Por Tomás de Iriarte
Cuando la ociosidad deviene en hábito y la desocupación en el arte, la maledicencia se encuentra en las redes su más pútrido caldo de cultivo. Así, cuales rémoras de la ignominia, emergen los mismos figurantes de siempre: sofistas de cantina, huérfanos de poder y lenguaraces de esquina, todos unidos en un concilio de gaznápiros cuyo único propósito es zaherir a quien con disciplina y empeño está sacando a Cartagena del marasmo en el que la dejaron los tahúres de la politiquería.

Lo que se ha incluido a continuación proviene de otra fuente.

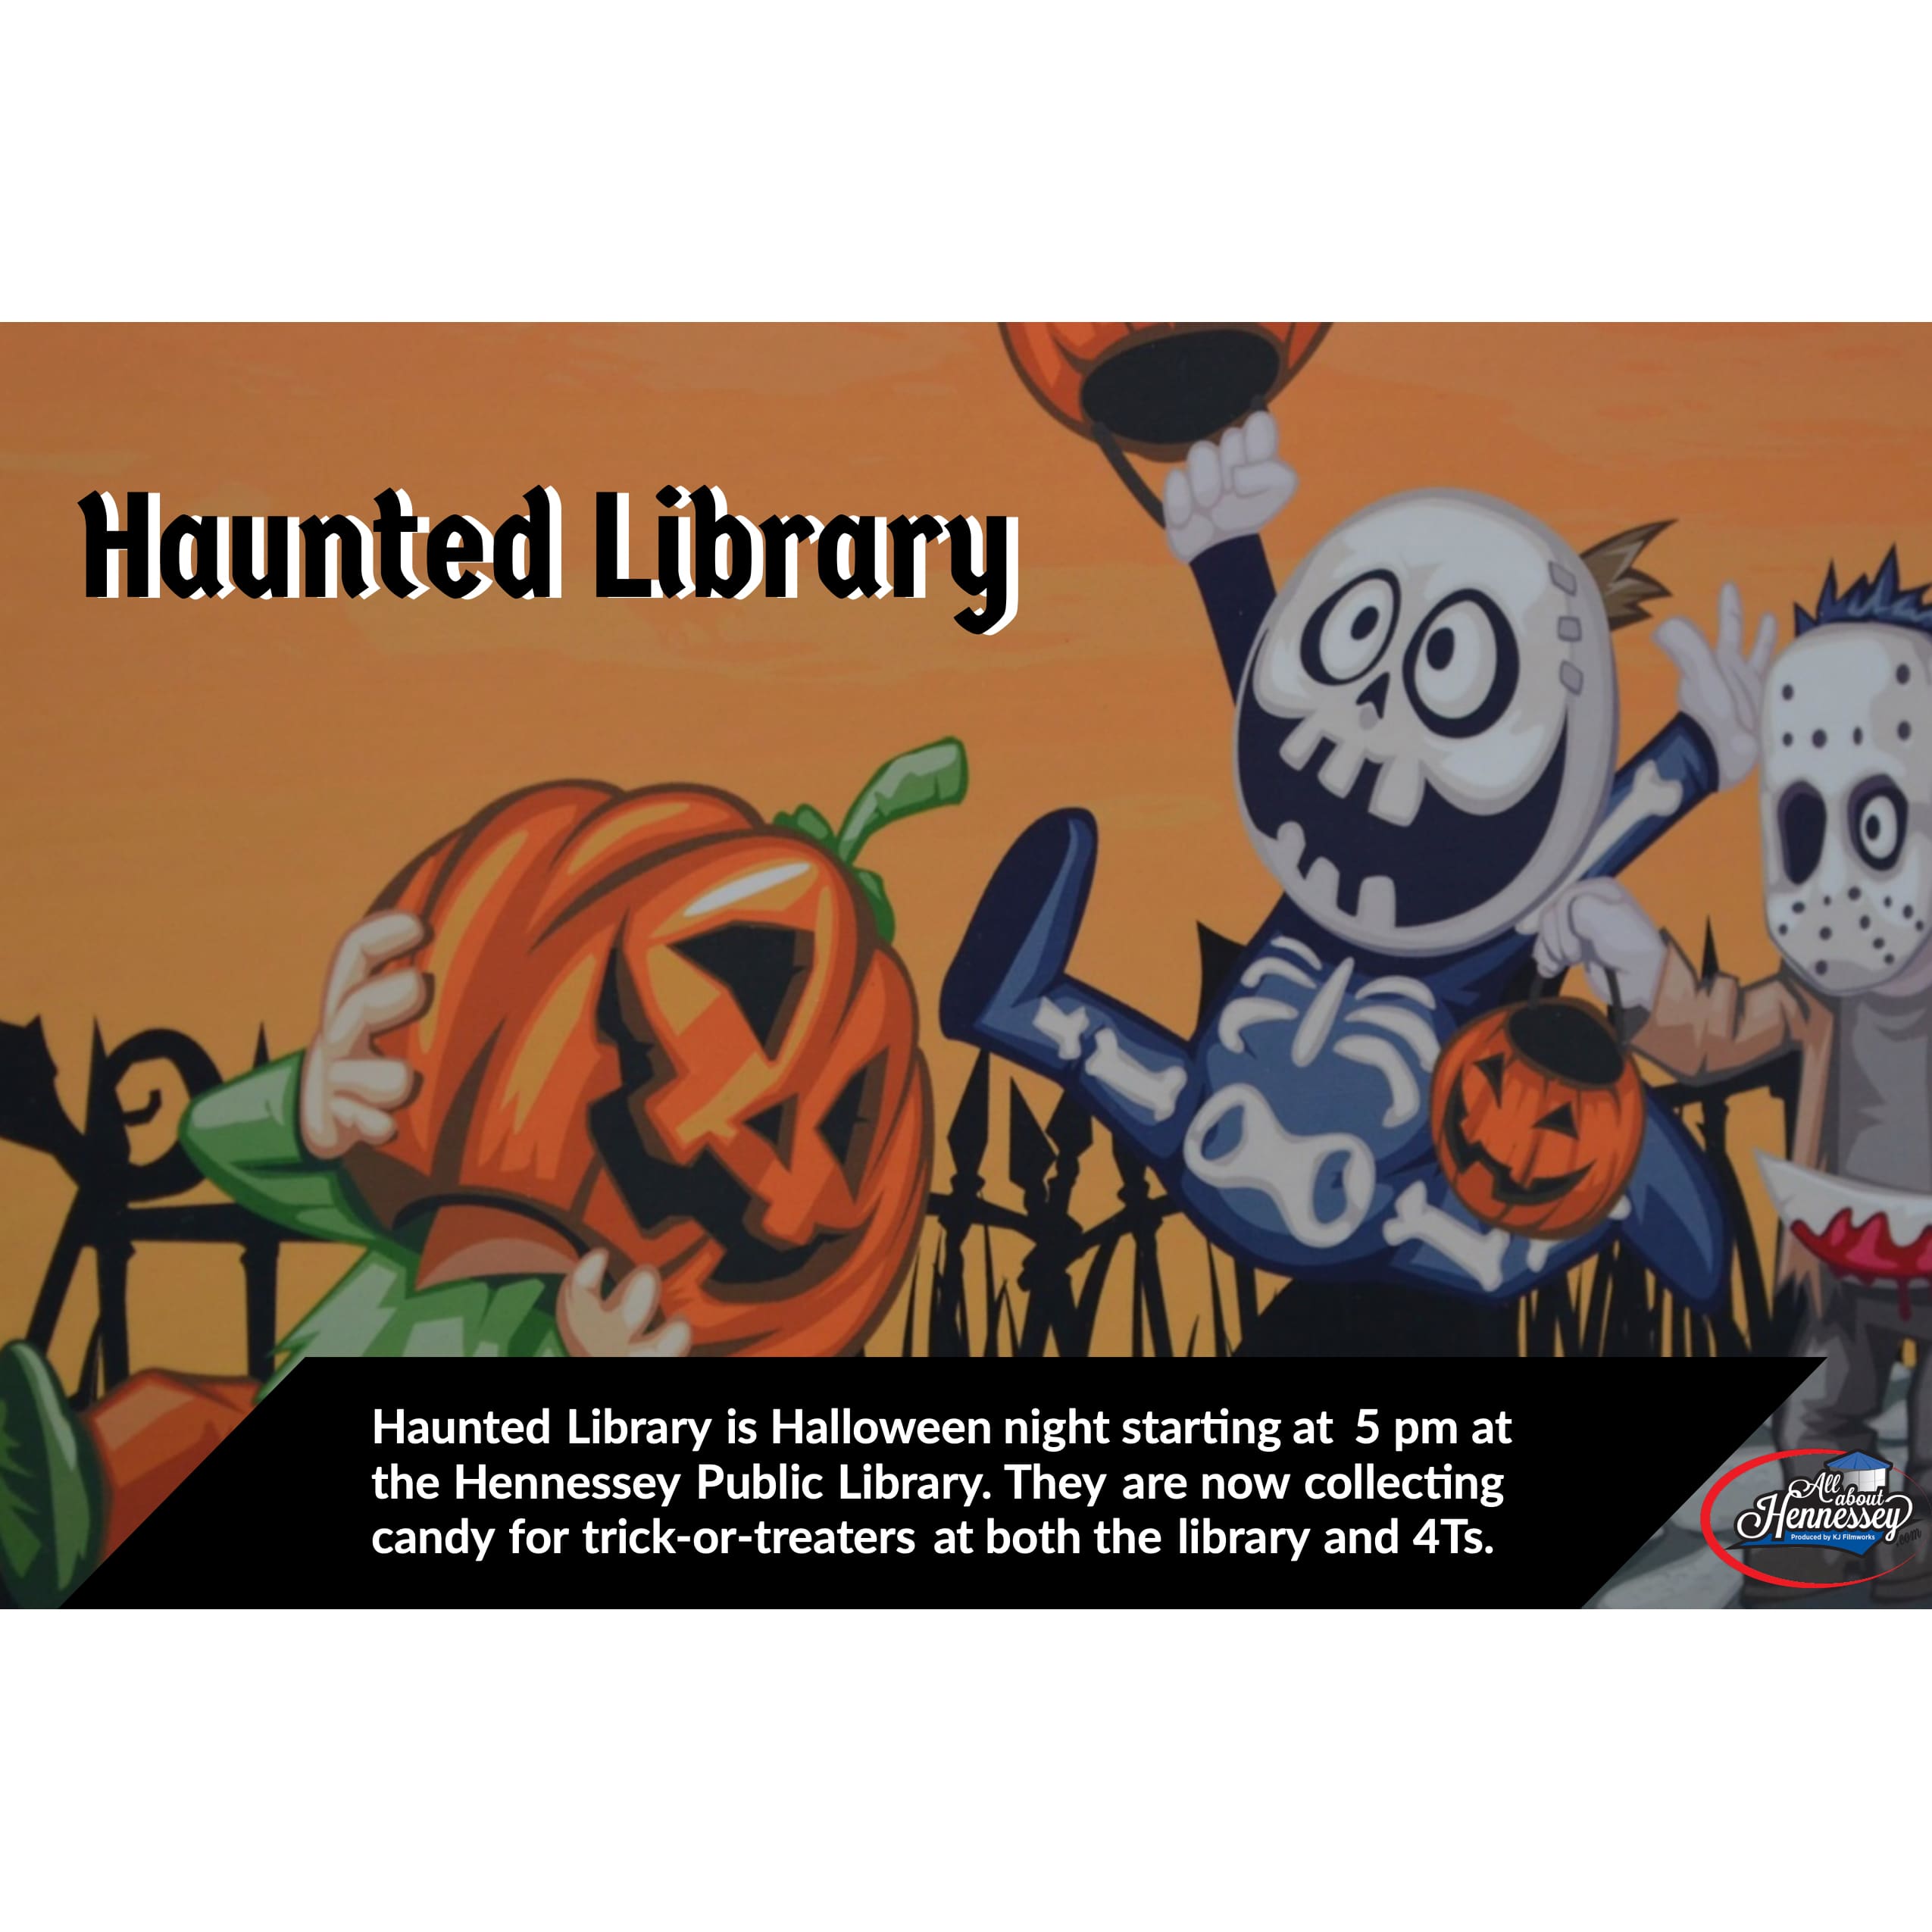 HAUNTED LIBRARY OCTOBER 31

Es curioso ver cómo los mismos que antaño guardaban un silencio cómplice ante la debacle hoy se erigen en custodios de la moral y la buena gobernanza, como si la desvergüenza fuese su blasón de honor. Ninguno de estos bellacos de caletre rancio menciona las obras que hoy por fin ven la luz, ni la gestión de un alcalde que, a fuerza de tesón y entereza, ha demostrado que gobernar no es un oficio para mequetrefes.
El episodio en Ternera ha sido la excusa perfecta para que esta gavilla de chisgarabís salte al ruedo, con la lengua más afilada que el intelecto y la intención más torcida que un cambalache de mercachifles. Porque, claro, más fácil es el escándalo que el reconocimiento, más cómodo es zaherir que construir. Pero les guste o no, Cartagena tiene un mandatario que no se arredra, que no le teme a la confrontación y que, como dicen en el barrio, no le va a quedar grande el camello de gobernar esta ciudad.
Y a esos malandrines de teclado, esos petimetres de la difamación digital, mejor les vendría buscar un menester honesto, porque mientras ellos juegan a la insidia, hay una administración que está trabajando. Y si lo dudan, salgan a la calle, miren las obras, escuchen al pueblo y dejen de hacer el ridículo con su pataleo estéril. Porque, al final, quien no tiene oficio, termina convertido en un triste bufón de la infamia.